Ten symptomatic AEs reported by patients with each of the four types of pelvic cancer were selected as core symptoms for the item set. In addition, eight symptomatic AEs were reported by patients with at least two of the included cancer types and by patients receiving online MRgRT and/or in the two clinical MRgRT trials. Nine of the 10 core symptomatic AEs were available in the PRO-CTCAE item library; Fatigue, anorexia, radiation dermatitis, abdominal pain, constipation, diarrhea, nausea, urinary frequency and dysuria. Rectal pain was not in the PRO-CTCAE item library as well as three of the eight additional pelvic symptomatic AEs (urinary retention, nocturia, and rectal hemorrhage). A decision was made to select all supplemental items from the EORTC item library as these items covered the content of the identified symptoms better using a more plain language; Rectal pain, urinary retention, urinary incontinence, urinary urge, nocturia, vomiting, fecal incontinence, rectal hemorrhage and bloating. For some of the symptoms between one to three items were developed in the PRO-CTCAE library reflecting frequency, severity and interference. Consequently, the initial item set comprised 24 items from the PRO-CTCAE and EORTC item libraries addressing 18 symptomatic AEs.

Phase 2

A total of 53 patients were eligible for inclusion in the pilot study after three patients were dismissed based on clinician assessment.
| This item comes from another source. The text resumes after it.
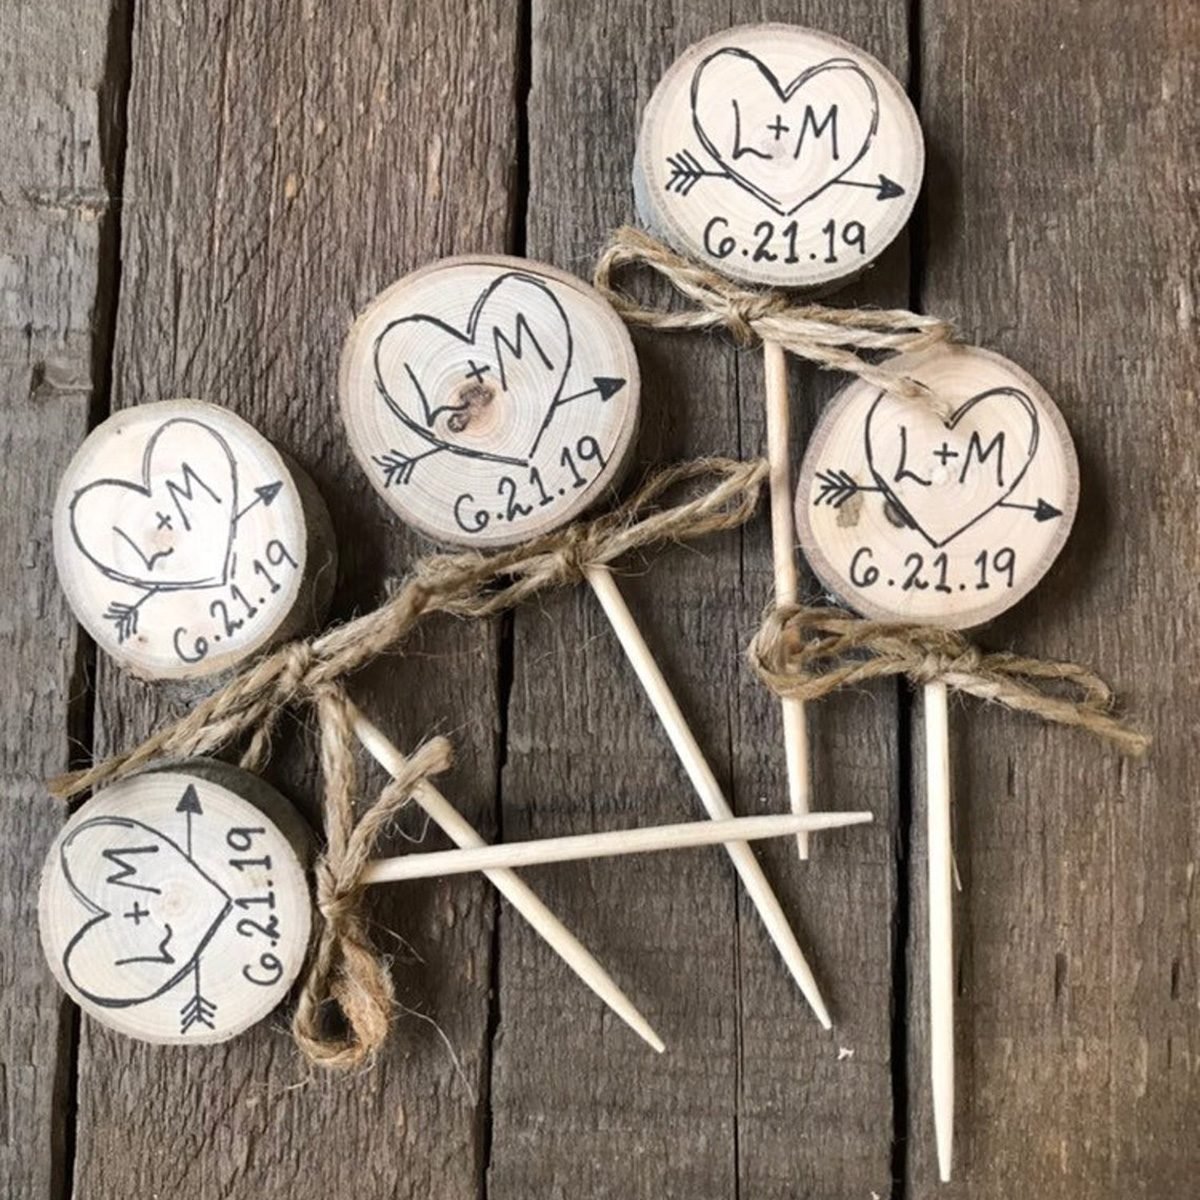 Twine Bows Cupcake Toppers Rustic Wedding Decor Custom Initials & Date / Heart Arrow / Engagement Rustic Bridal Shower Decor Party Picks
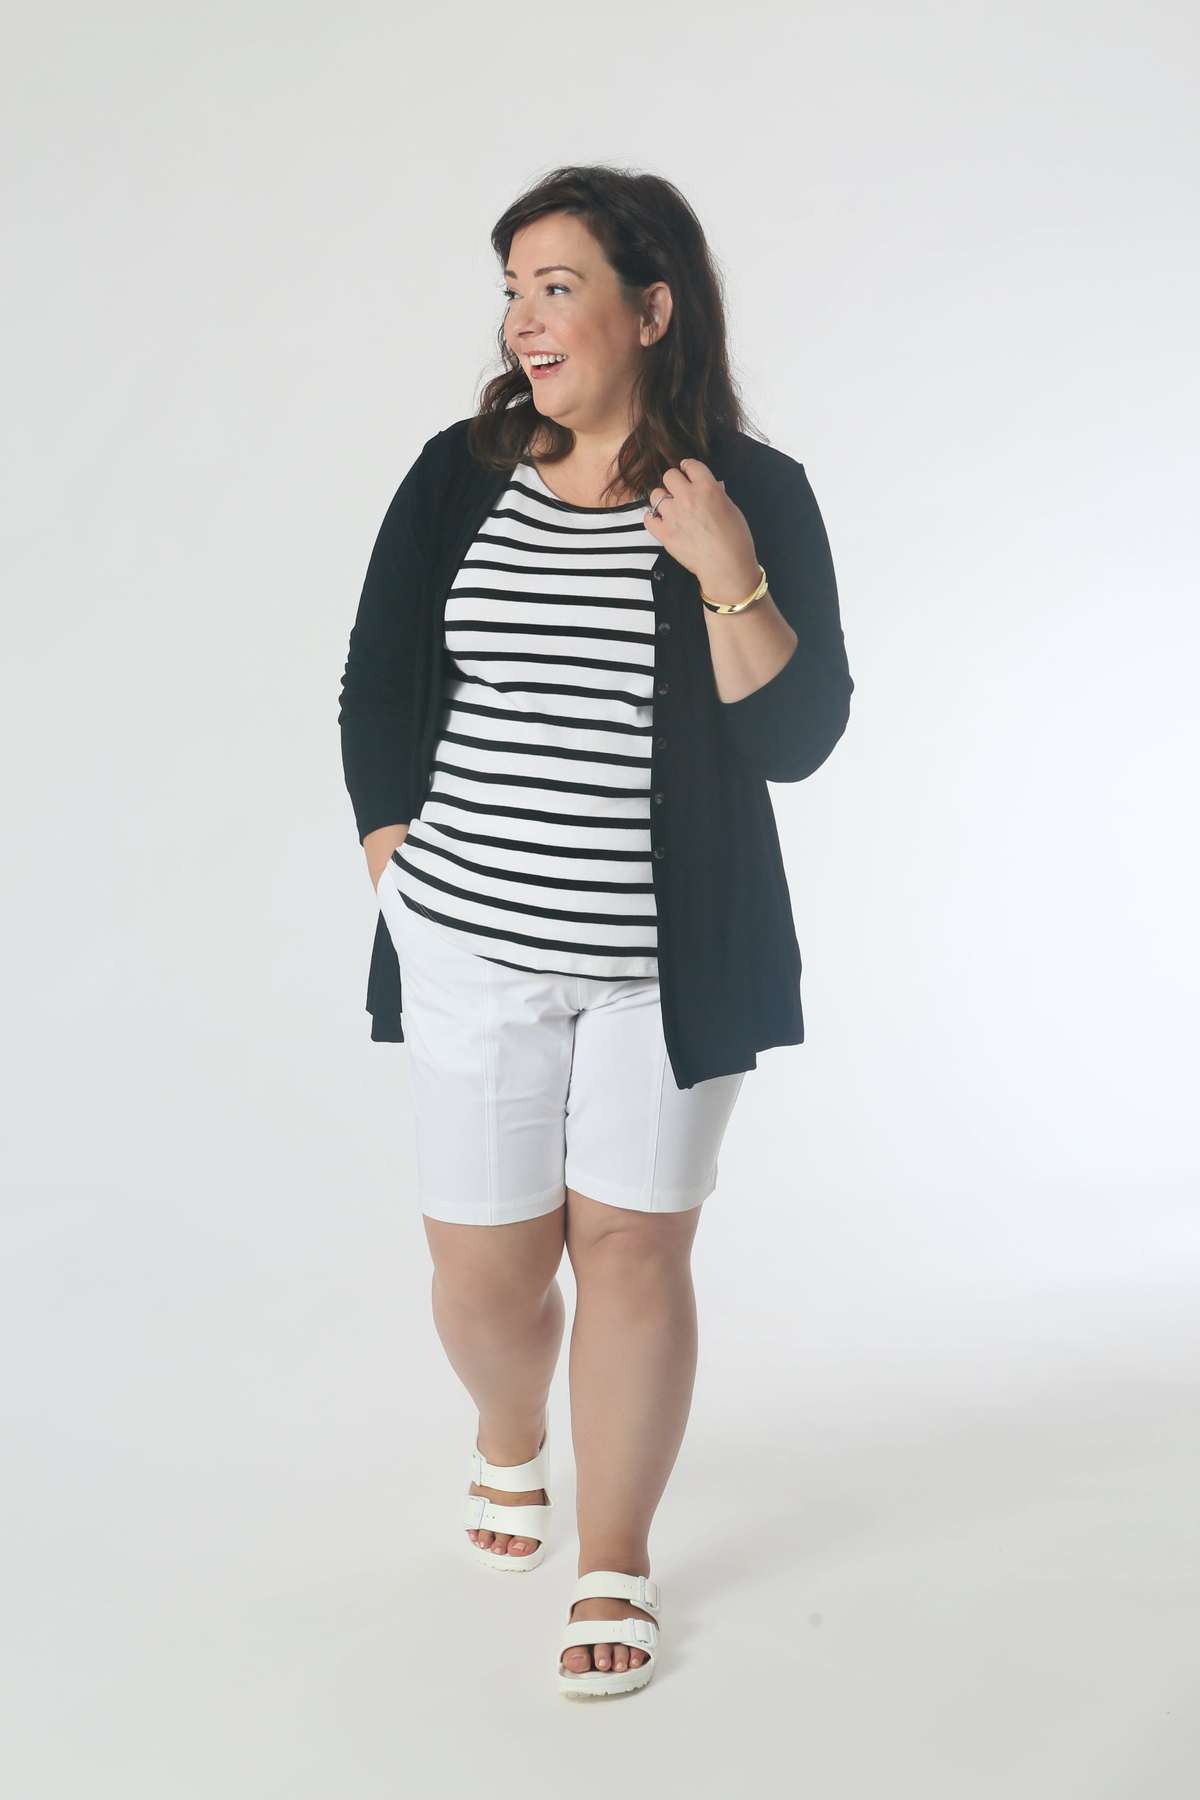 On a Boat: Pair the striped tee and shorts with the cardigan for a breezy evening on the water. Keep it casual with water-friendly sandals and add a bracelet for polish.

Six patients were excluded due to starting RT during the lockdown of clinical trials because of COVID-19. Forty-seven patients were informed about the study. Six patients declined participation because they felt they lacked the resources to join a research study, and 41 patients agreed to participate. No patients with rectal cancer were referred to primary radiotherapy during the study period. One patient with bladder cancer was eligible and enrolled in the pilot study but excluded from the analysis due to this unique status. Forty patients were enrolled and included in the analysis: 32 with prostate cancer and eight with cervical cancer (Fig. 1). Thirty seven patients (93%) reported electronically. Median age was a little lower and with a wider range among the patients with cervical cancer compared to prostate cancer (Table 1). Compared to patients with prostate cancer, a smaller proportion of patients with cervical cancer scored zero (“fully active”) on ECOG/WHO performance status. Four patients with cervical cancer (50%) were also treated with weekly concomitant chemotherapy (Cisplatin) and 26 patients with prostate cancer (81%) were simultaneously treated with androgen deprivation therapy (ADT) (Table 1). In addition, 75% of the women (n = 6) had brachytherapy in their final week of external radiotherapy and again 1 or 2 weeks after radiotherapy completion (PDR-BT, 2 × 17.5 Gy/20 pulses). Of patients with prostate cancer, 13 (41%) were treated with online MRgRT. This treatment option was not yet available for patients with cervical cancer (Table 1).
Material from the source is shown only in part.